How should I analyze MHC Class II expression levels across different cell populations?

When analyzing MHC Class II expression data from flow cytometry experiments:

  • Gating strategy: Establish a hierarchical gating strategy that first identifies viable single cells, then delineates cell populations of interest based on lineage markers before analyzing MHC-II expression.

  • Quantitative metrics: Report MHC-II expression using appropriate metrics:

    • Percentage of MHC-II positive cells (using proper isotype controls to set thresholds)

    • Mean or geometric mean fluorescence intensity (MFI or gMFI) to quantify expression levels

    • Molecules of Equivalent Soluble Fluorochrome (MESF) for standardized comparisons across experiments

  • Comparative analysis: When comparing MHC-II expression between conditions, use paired statistical tests when appropriate and consider displaying data as fold change relative to control.

  • Visualization: Present data as histograms to show distribution of expression within populations, or as dot plots when correlating MHC-II expression with other markers.

What considerations are important when interpreting changes in MHC Class II expression in disease models?

Interpreting MHC Class II expression data in disease models requires careful consideration:

  • Cell-specific changes: Distinguish between changes in the proportion of MHC-II+ cells versus changes in expression level per cell. Both have different biological implications.

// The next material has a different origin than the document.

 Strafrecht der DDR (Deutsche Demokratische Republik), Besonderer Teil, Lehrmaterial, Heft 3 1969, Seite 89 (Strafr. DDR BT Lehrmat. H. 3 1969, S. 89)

  • Context of immune activation: Interpret MHC-II expression changes in the context of other activation markers, cytokine production, and functional outcomes.

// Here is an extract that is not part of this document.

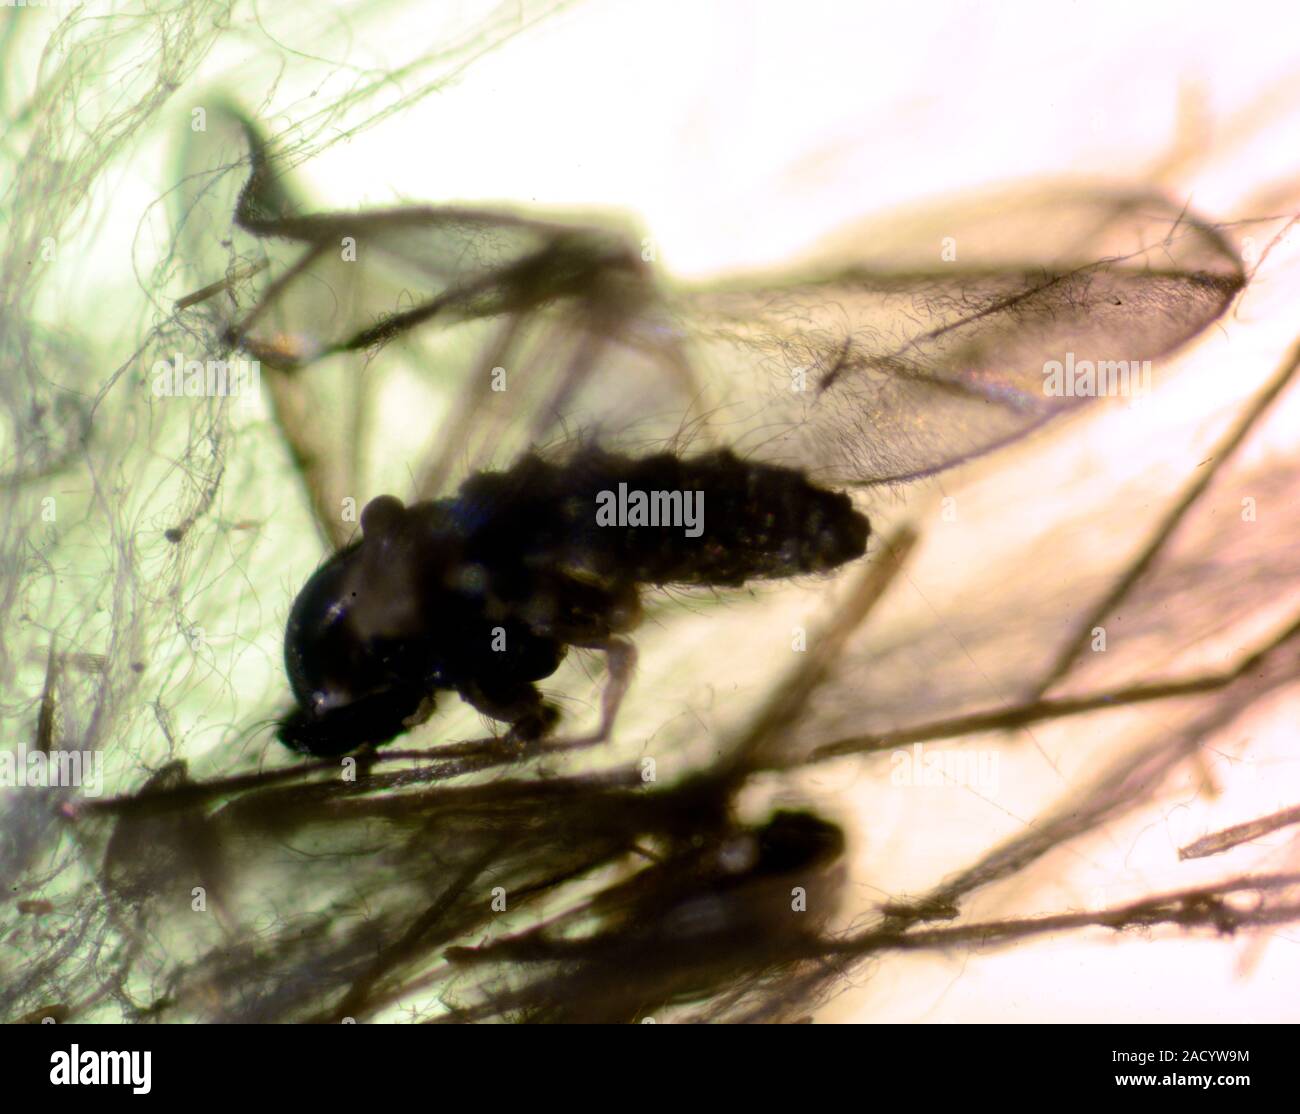 Drosophila melanogaster, la mosca de la fruta común, la mosca del vinagre, mosca, -en una tela de araña. Foto de stock

  • Strain-specific differences: Remember that different mouse strains have different baseline MHC-II expression levels and different haplotypes that may affect antibody binding.

  • Microenvironmental influences: Consider how the tissue microenvironment (inflammation, hypoxia, etc.) might affect MHC-II expression.

  • Technical artifacts: Rule out technical causes for apparent changes in expression, such as differences in sample preparation, instrument settings, or antibody lots.

  • Biological significance: Correlate changes in MHC-II expression with functional outcomes, such as T cell activation, cytokine production, or disease progression, to establish biological relevance.